Resources mirror field realities: vehicles for rural traversal in dispersed Virgin Islands farms, durable materials resistant to humidity, and software for tracking attendance across Georgia counties. Budgeting follows allowable costs under 2 CFR Part 200, the Uniform Guidance standardizing federal grant procurement and financial management. Operations trap arises from underestimating travelrural distances inflate expenses, requiring prior route mapping.
Distinguishing SARE from direct aid like Pell Federal Grant or FSEOG Grant, which target individual enrollment, education operations fund collective training rather than grants for college tuition. Similarly, while graduate studies scholarships and graduate education scholarships support advanced degrees, SARE emphasizes practitioner upskilling. SEOG Grant and federal SEOG Grant operate via institutions for need-based aid, contrasting SARE's project-specific outreach.
Risk Management and Performance Measurement in Education Operations
Risks loom in eligibility: proposals weak on operational detaile.g., vague dissemination plansface rejection, as reviewers seek evidence of reach like past workshop metrics. Compliance traps include misclassifying outreach as research costs, violating 2 CFR Part 200 segregation rules, or neglecting accessibility for diverse participants. What is NOT funded: standalone scholarships resembling study abroad scholarships, administrative overhead beyond 15-20%, or activities outside sustainable agriculture themes. Barriers hit smaller operators lacking grant management systems, compounded by competition from established extensions.
Measurement hinges on outcomes proving knowledge transfer and behavior change. Required KPIs encompass participant numbers (target 200+ per project), pre/post-test score improvements indicating comprehension, and adoption rates (e.g., 30% of attendees implementing a practice within a year). Reporting mandates quarterly progress via SARE portals, detailing milestones like sessions held, plus a final report linking outputs to impacts such as reduced input use. Tools include logic models mapping activities to long-term regional benefits, ensuring accountability.

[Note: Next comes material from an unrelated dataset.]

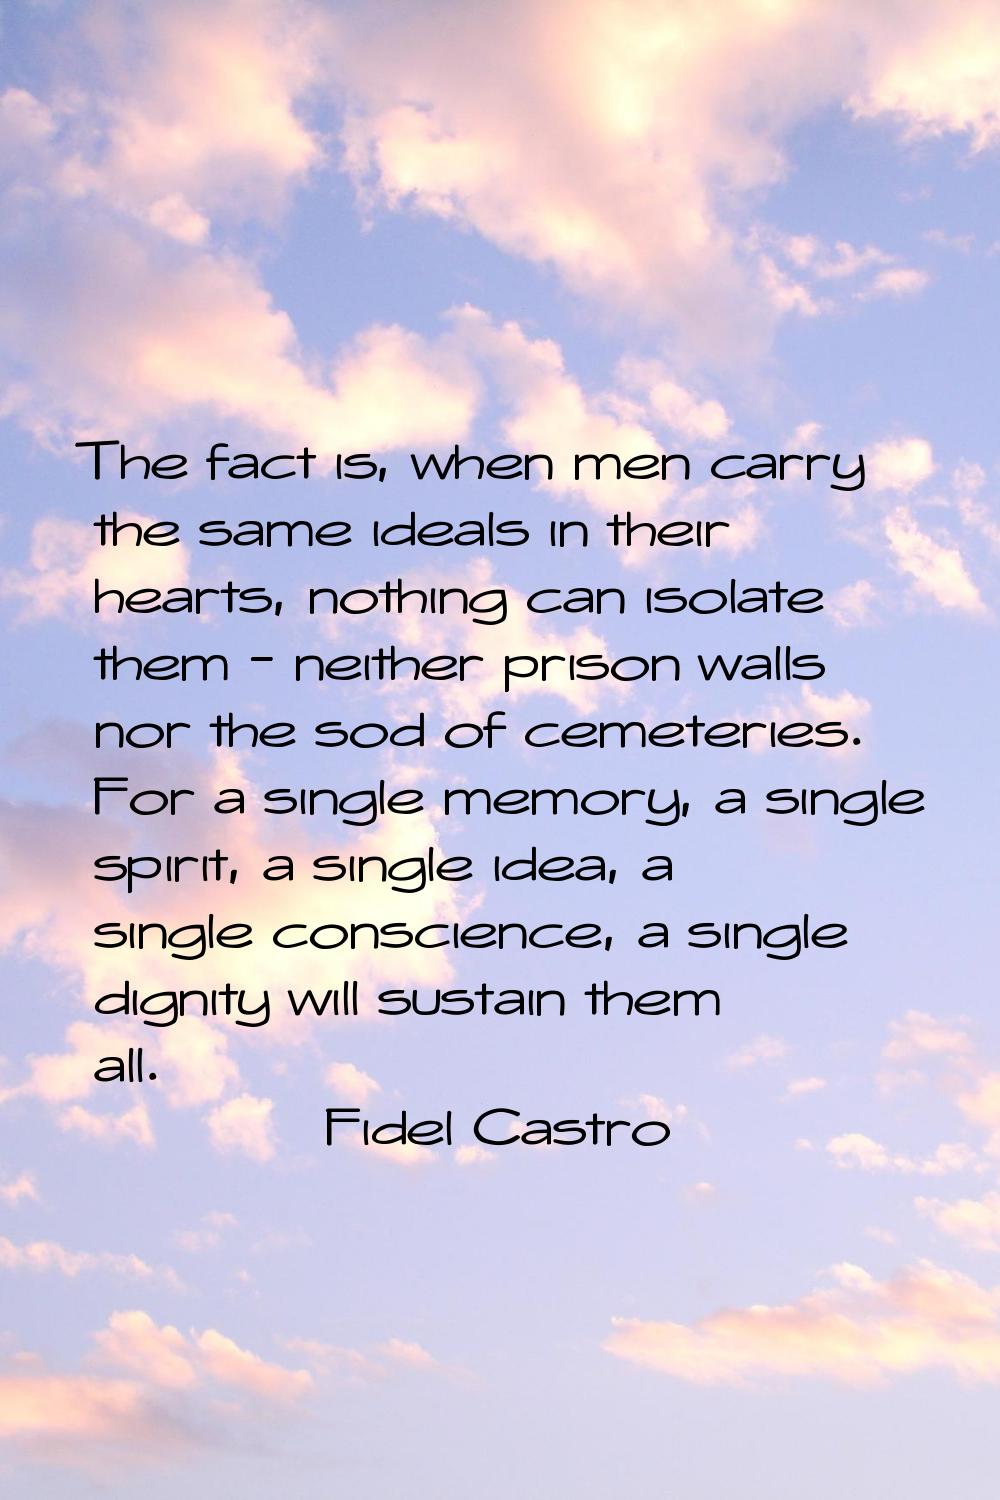 The fact is, when men carry the same ideals in their hearts, nothing can isolate them - neither pri

Operational resilience demands contingency planning, such as backup virtual formats for weather disruptions, to meet these benchmarks.
Q: How does the operational workflow for education applicants differ from higher-education focused ones? A: Education operations prioritize hands-on farmer training aligned with growing seasons, unlike higher-education subdomains emphasizing classroom curricula or graduate studies scholarships, focusing instead on immediate field application without degree credits.

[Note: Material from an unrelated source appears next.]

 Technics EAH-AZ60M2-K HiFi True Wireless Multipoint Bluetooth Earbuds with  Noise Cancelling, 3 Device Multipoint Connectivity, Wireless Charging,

Q: What specific staffing licensing applies to education delivery under SARE? A: Teams require specialists like Certified Crop Advisers for technical content, distinct from general teaching credentials; this ensures credibility in topics like pest management, unlike administrative roles in FSEOG grant or SEOG grant processing.
Q: Can SARE education operations fund elements like Pell Federal Grant equivalents or study abroad scholarships? A: No, funds support outreach logistics and materials, not direct student aid like Pell Federal Grant, federal supplemental education opportunity grants, or study abroad scholarships; distinguish by budgeting under 2 CFR Part 200 for group events only.